The Good Friday service had taken me to the cross. The music. The message. The unhurried moments. The harmonies of “O, the wonderful cross…” ringing out…There was nothing wonderful about the process of Christ’s execution, and it’s impossible to fathom what it was like to witness it.
The first time I knew pain that came anywhere near what Christ’s followers must’ve experienced was the searing separation I felt when Dad died. I’d never known a pain as awful as that, and there’s no way it comes close to what they felt. They were losing a friend, first of all, and His mom was losing a son. This was a man they’d spent countless hours with, and besides the magnificence of Him being God, He was their family. They had eaten, traveled, and ministered together day after day after day.

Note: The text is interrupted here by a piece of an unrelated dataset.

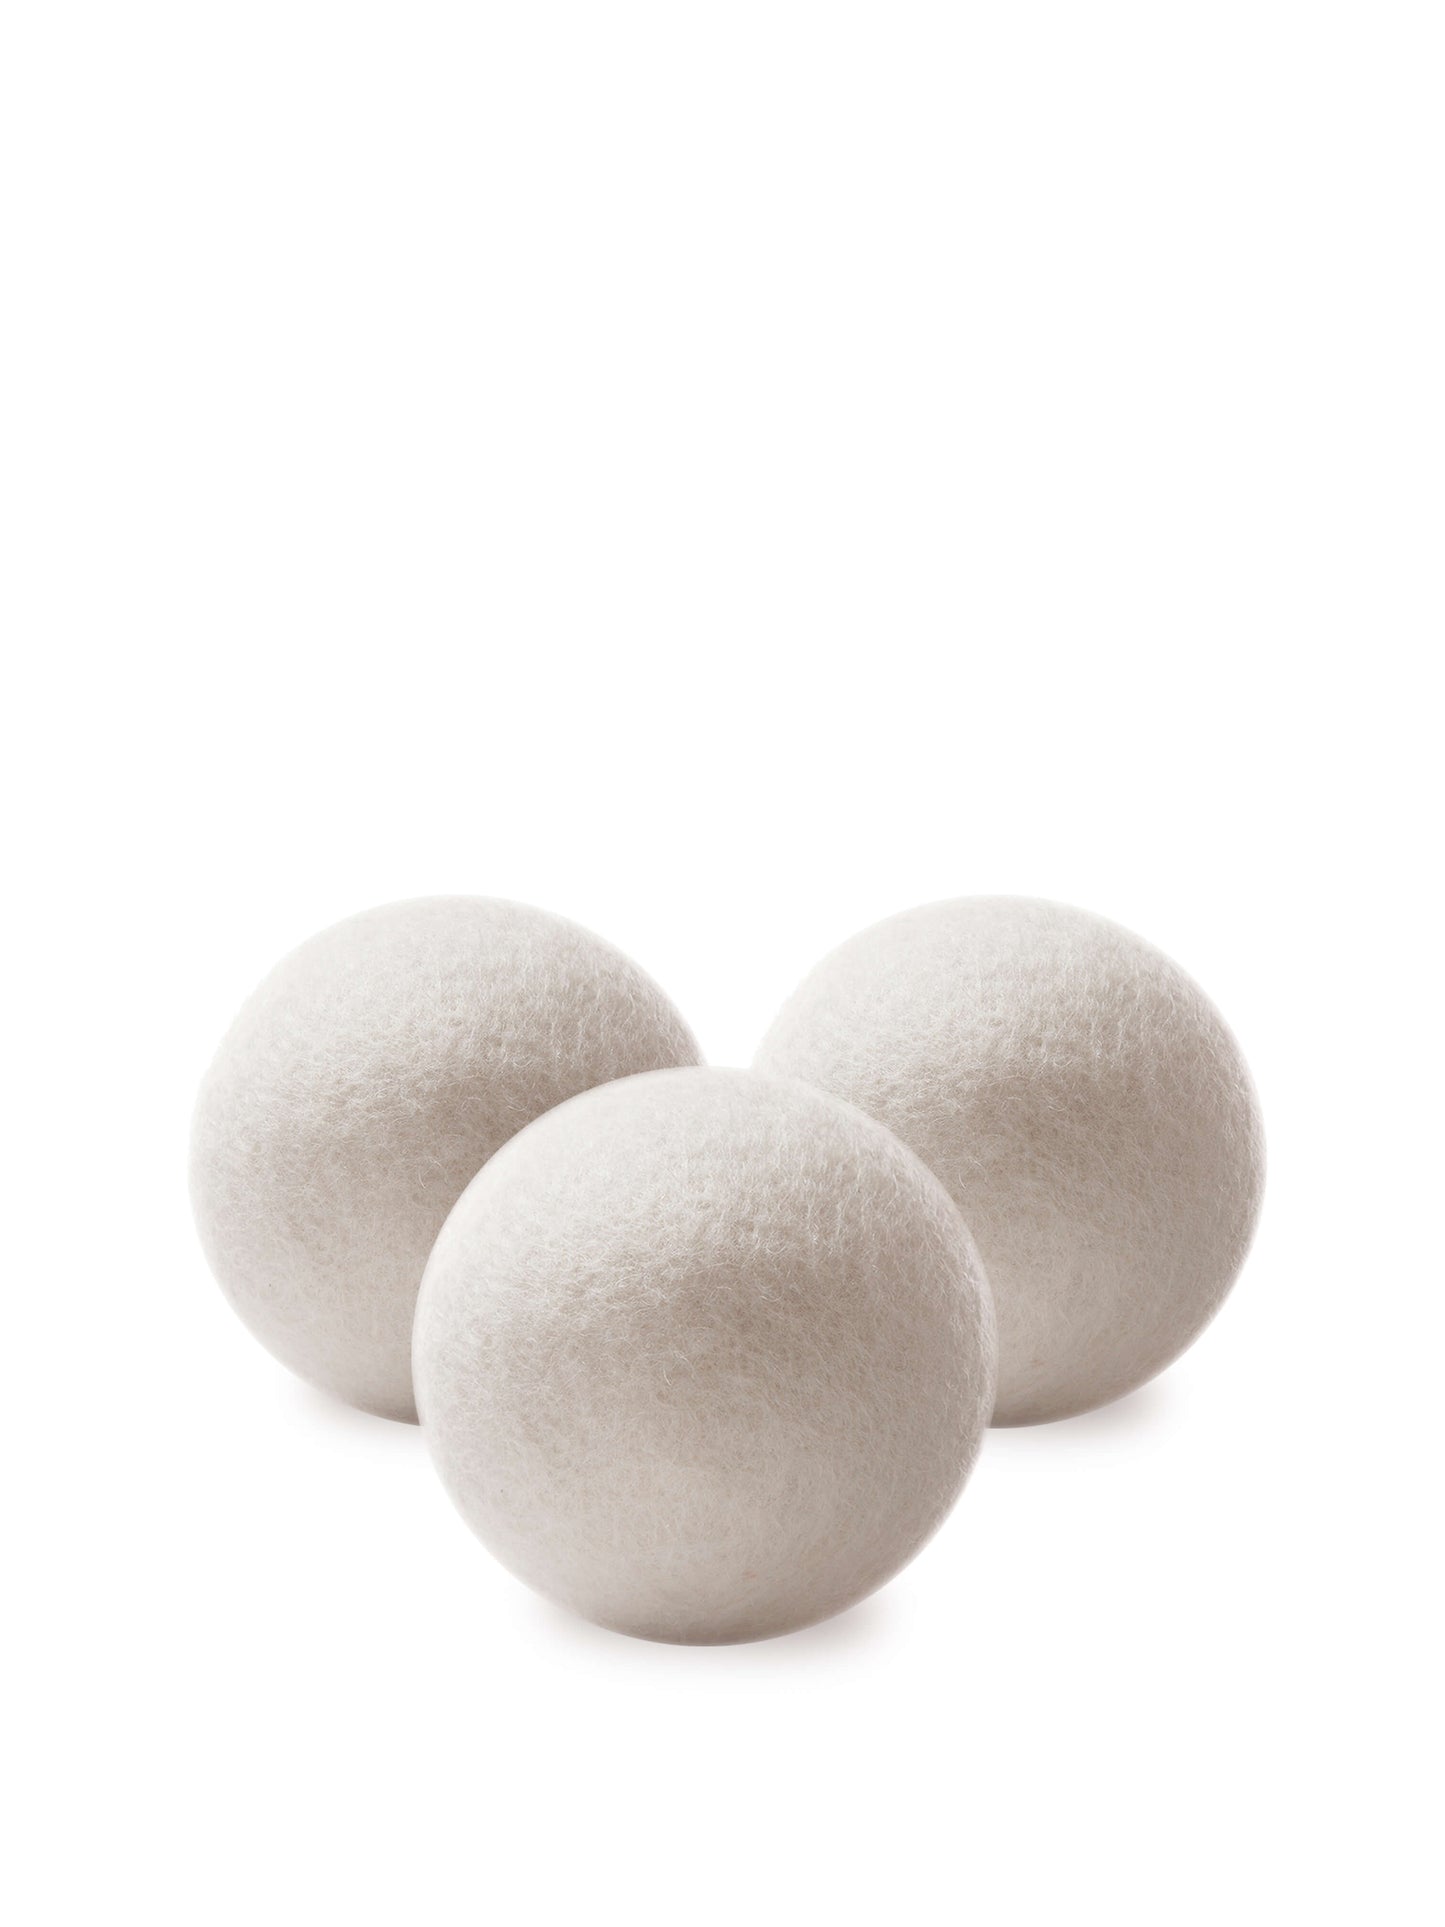 3 white wool dryer balls

And they…. Watched. Him. Die.
Not a he’s been sick, he’s growing weaker, and he may not make it kind of death (as if that’s somehow easier). No. A cruel, hateful, gruesome, agonizing departure of someone they loved. Really, really loved.
I imagine Jesus’ mother bent over in agony, wrenching sobs wracking her body as the dirt beneath her turned to mud. She had carried and then cared for this man for all His earthly days, and in those moments, she could only stand back and watch. All of that would have been bad enough.
Everyone knows losing someone you love is torture. But this friend, this son was also their hope. If they’d walked with Him, left all and followed Him, they didn’t do it because He was a nice guy. They followed because with everything in them, they believed He was the Messiah. He was the one who would finally (finally!) rescue them from Rome and so much more.
And there He hung… on a Roman cross, no less.
And there the disciples and Jesus’ mom stood, the shocking reality settling in. I remember again how the aftermath of Dad’s death was stunning, exhausting, and excruciatingly sad, and I imagine the disciples and Jesus’ mom feeling about that way.
When everyone went home that night, as they tossed and turned in fitful sleep, I see them utterly spent with hearts ripped in shreds and hope swallowed in the blackest night they’d ever known.